Copy exactly. Include the line containing "ESEE Xancudo Orange / Black G-10 3D Handle", every line after it, and the last line below, but no pictures.
*** Data excerpt Section Begins ***
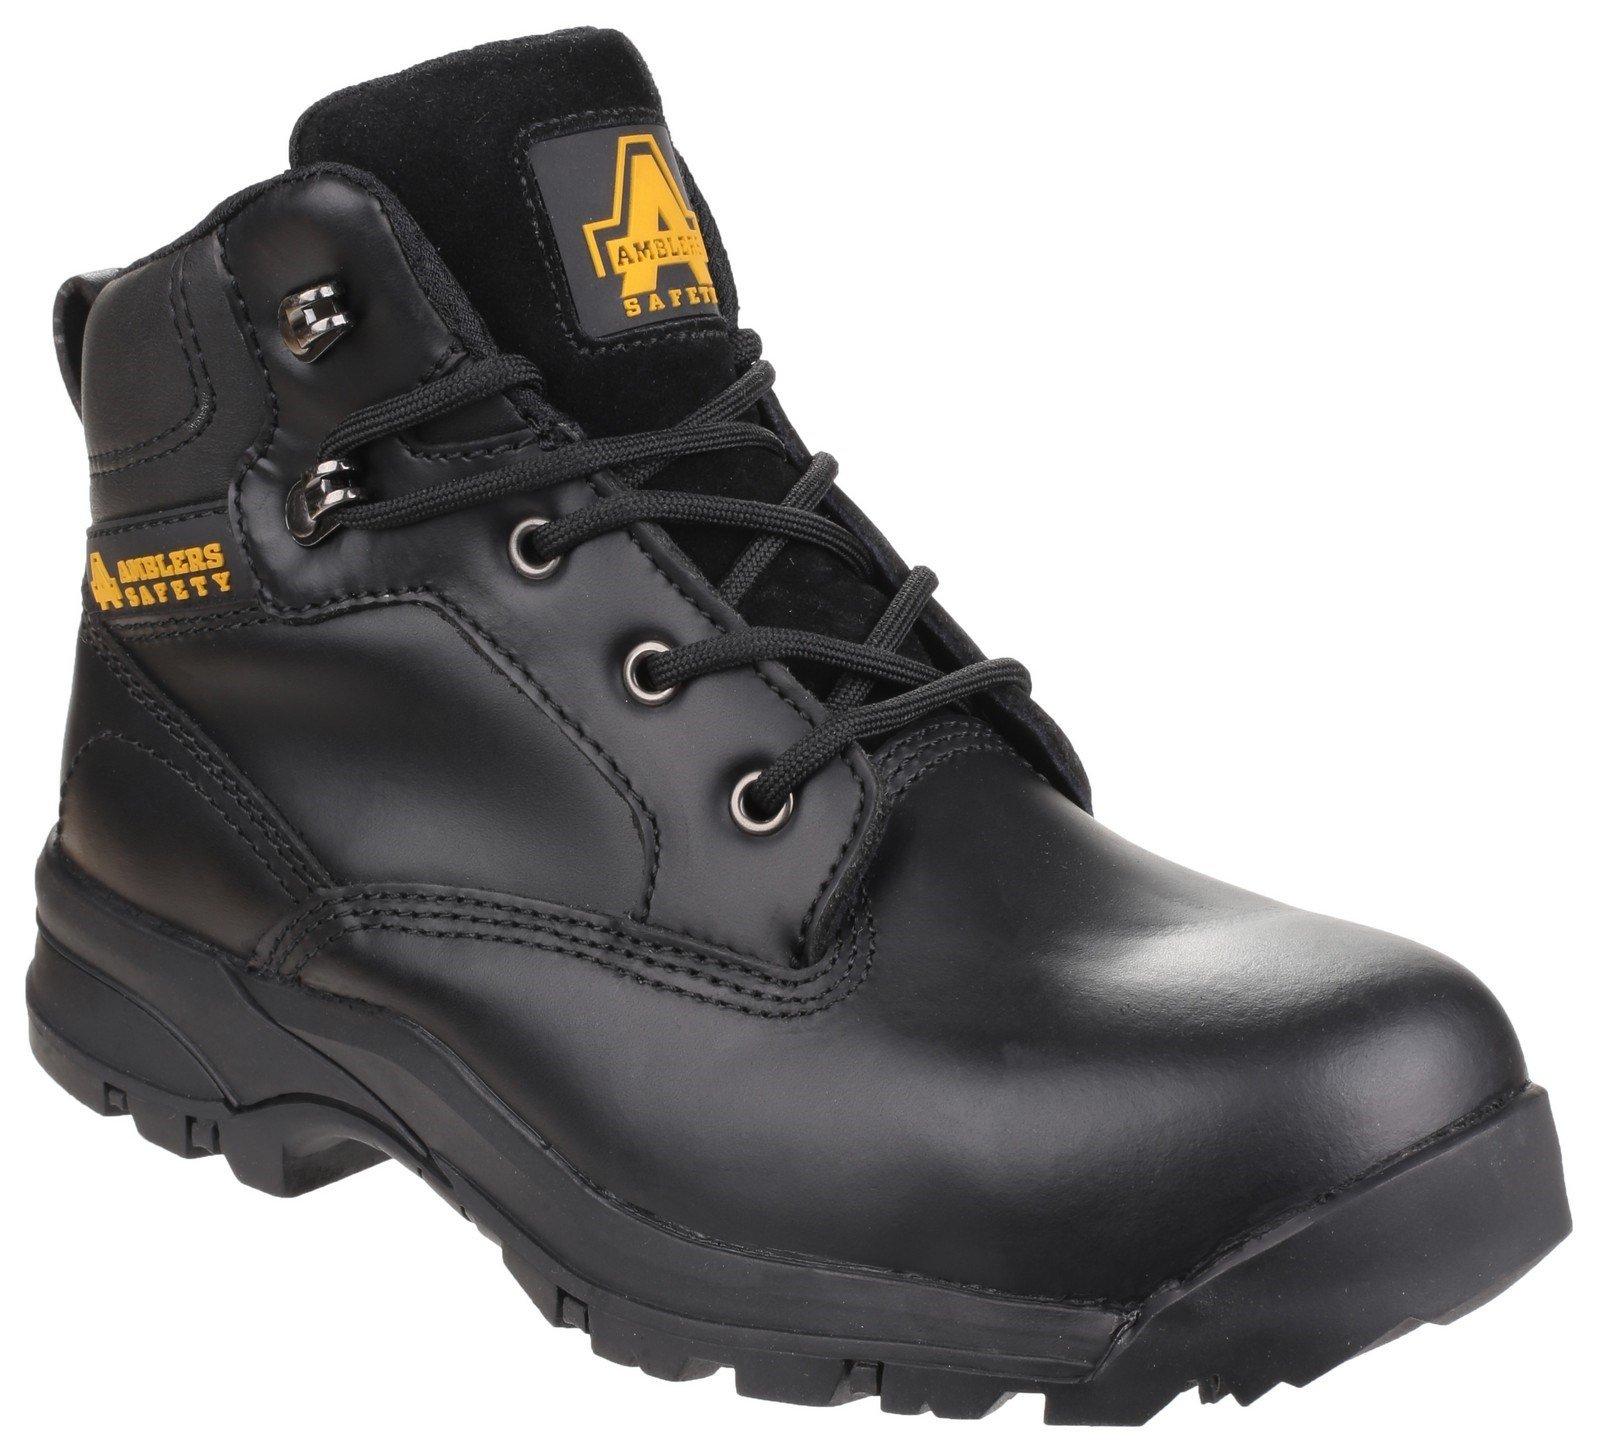 Amblers Women's Safety Ryton Lightweight Water-Resistant Boot Black 24185 - Black 3
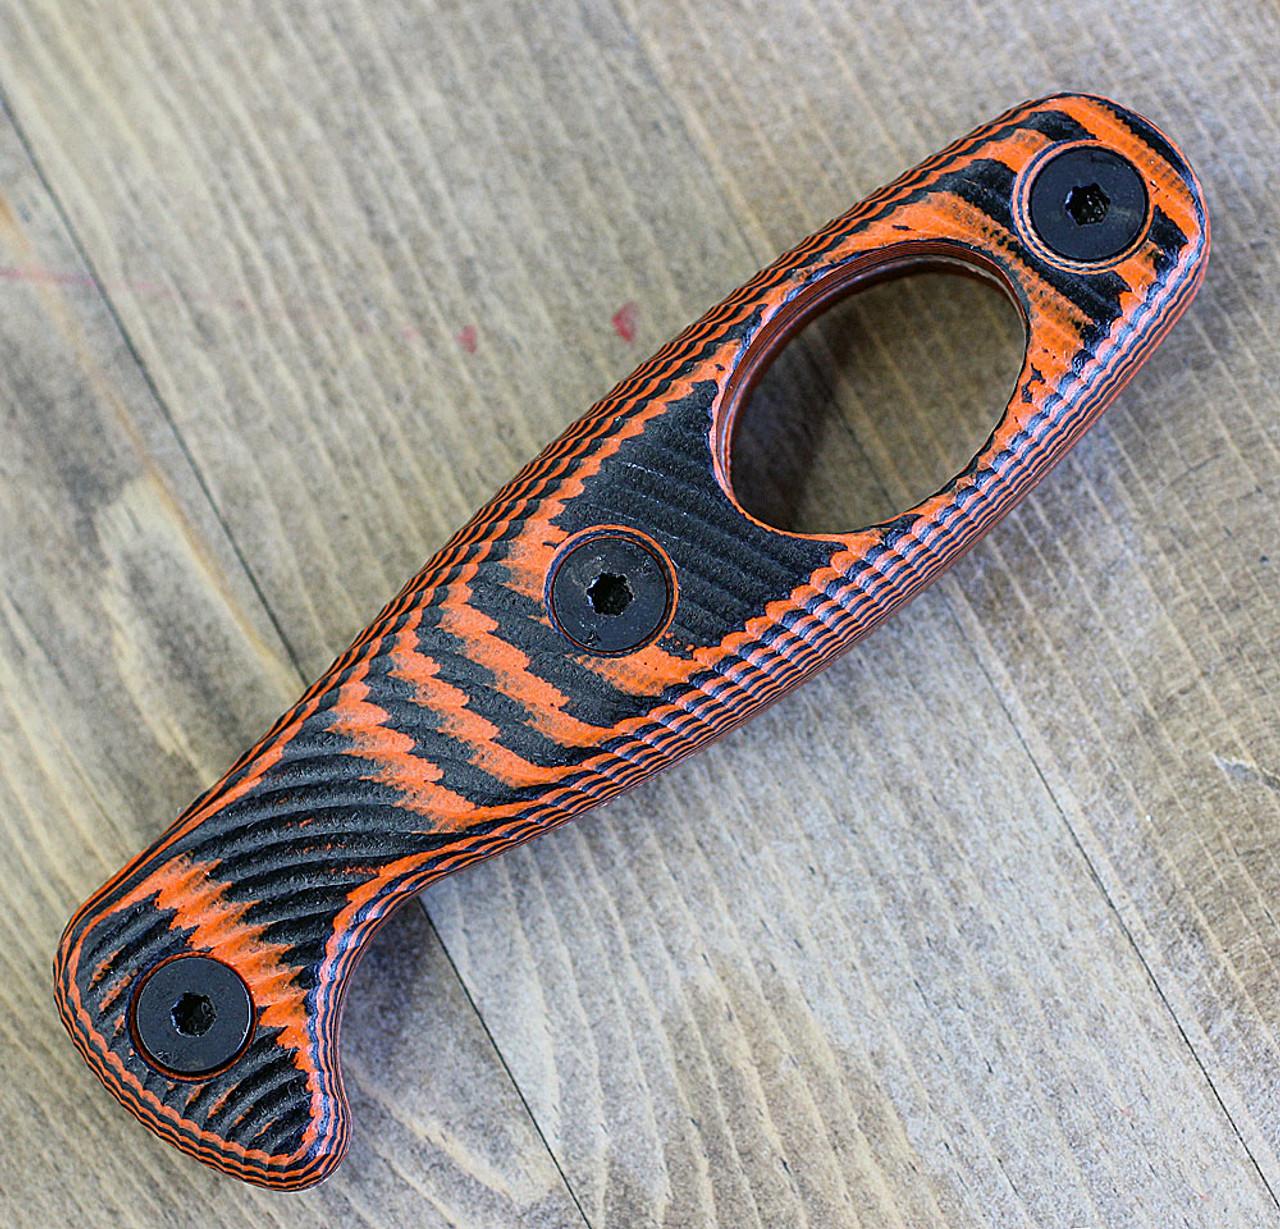 ESEE Xancudo Orange / Black G-10 3D Handle
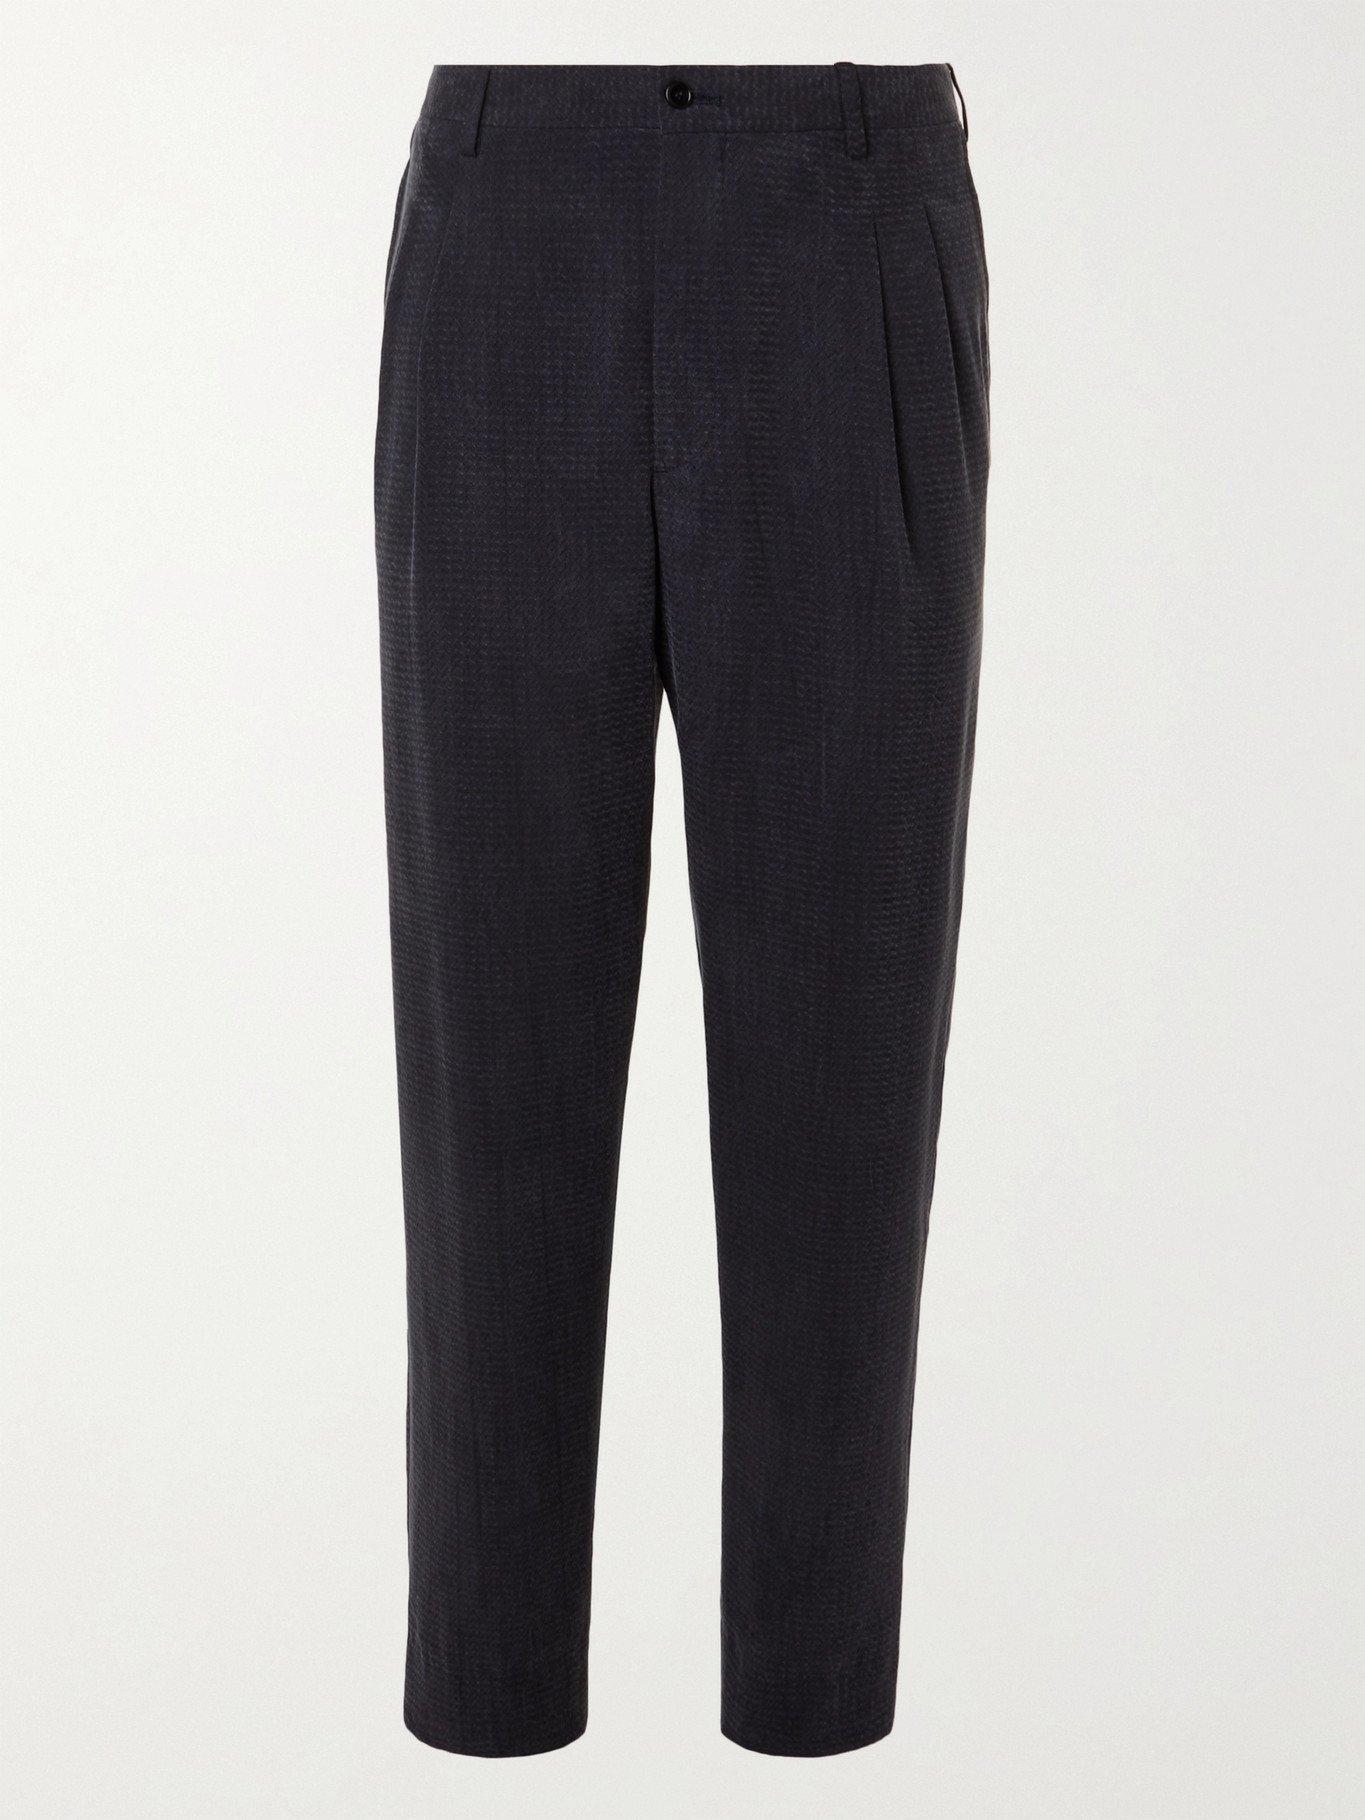 GIORGIO ARMANI - Pleated Herringbone-Jacquard Trousers - Blue - IT 48
*** Data excerpt Section Ends ***
* **Answer for the task**
 ESEE Xancudo Orange / Black G-10 3D Handle
 GIORGIO ARMANI - Pleated Herringbone-Jacquard Trousers - Blue - IT 48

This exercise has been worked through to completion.